Gdy nazwą Was wariatami (czy wajratami!) lub oszołomami, bo zależy Wam na ptaszkach, żabkach, robalach lub kwiatkach uśmiechnijcie się i przytaknijcie. Tak, jesteśmy zwariowani!

Zatem dzielą się swoimi przygodami i obserwacjami przyjaciele gór, lasów, łąk, jezior, roślin i zwierząt, dzieli się nimi i sam Adam. Piękne zdjęcia, wciągające historie - to wszystko mieści się na Czystym Wajractwie. Znajdziecie tam również szlachetne akcje i najnowsze wiadomości o tym, jakie projekty dotyczące polskiej przyrody oraz wszystkiego co z tym związane przechodzą (ciągną się, zalegują, bądź przelatują /niepotrzebne skreślić/) przez nasz parlament. Możecie brać czynny udział w akcjach, zapytaniach o stan naszej przyrody: akcja Obudź Susła (jakże celna nazwa, hehe :>) jest jedną z nich.

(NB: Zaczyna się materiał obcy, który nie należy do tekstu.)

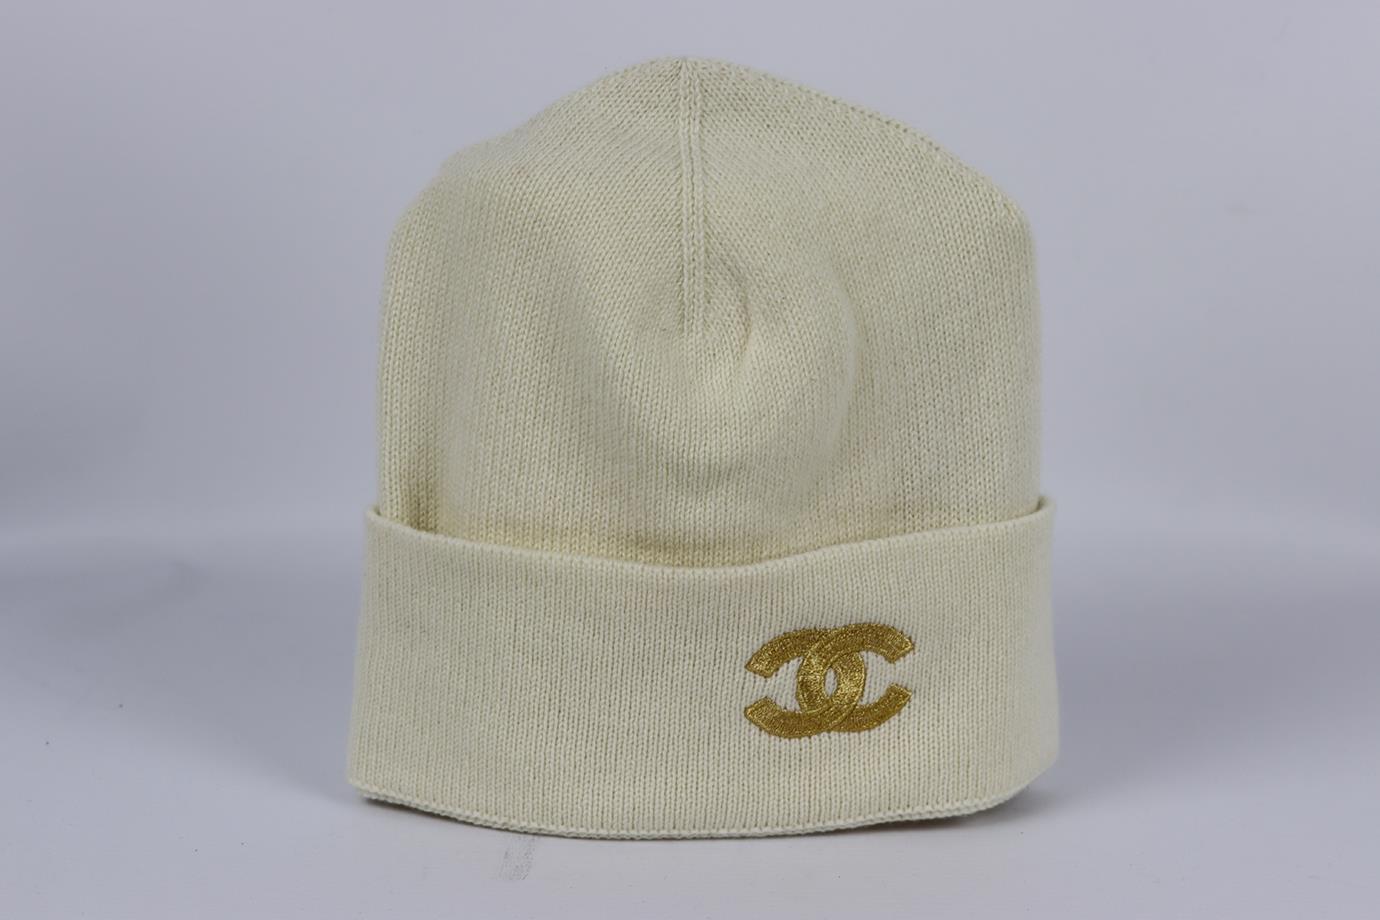 Chanel 2021 cc embroidered cashmere beanie. Cream and gold. Slips on. 100% Cashmere. Does not come with dustbag or box. Size: One Size. Circumference: 17.6 in. Very good condition - No sign of wear; see pictures.

Polecam Wam zatem zaglądnięcie i zostanie stałym czytelnikiem tej rubryki. W dodatku obiecuję Wam, że ja - Kura - też tam coś skrobnę. Jeśli tylko przejdzie pozytywnie przez ręce komisji i okaże się wystarczająco zwajrowane dam Wam znać.

wtorek, 26 kwietnia 2011

Jak wdrażać swoje postanowienia?

Odpowiedź jest prosta: natychmiast! Moje oświadczenie z poprzedniego wpisu postanowiłam wdrożyć w życie od razu. Im szybciej - tym lepiej. Oszczędzamy sobie czasu na zbędne zastanawianie się. Przy okazji przetestowałam swoją silną wolę w warunkach bojowych - znaczy w święta. Wszędzie jajka w każdej możliwej postaci. Nie zjadłam. W domu czekały na mnie takie:


Ciekawostka: od dwóch, niezależnych osób usłyszałam zdanie, że moje działanie nie ma sensu. Dlaczego? Bo jedna osoba nic nie zmieni jeśli miliony jedzą jajka z klatek. Pomyślałam sobie, że gdyby ta teoria była prawdziwa do tej pory żylibyśmy w epoce nadrzewnej. Bo co komu po tym, co kamień łupał?

Parę rad - jak odróżnić jaja od zielononóżki od zwykłych? Jeśli kupujecie w nieopisanych opakowaniach czy na rynku, możecie je rozpoznać po kolorze skorupki - jajka te są bardzo jasne, lubi białe.

Przede wszystkim jednak poznajemy po kształcie - jajka są bardziej podłużne, niż pękate. Ogólnie sprawiają wrażenie takich delikatnych jajeczek, mniejszych niż te, które zwykle kupujemy z chowu klatkowego.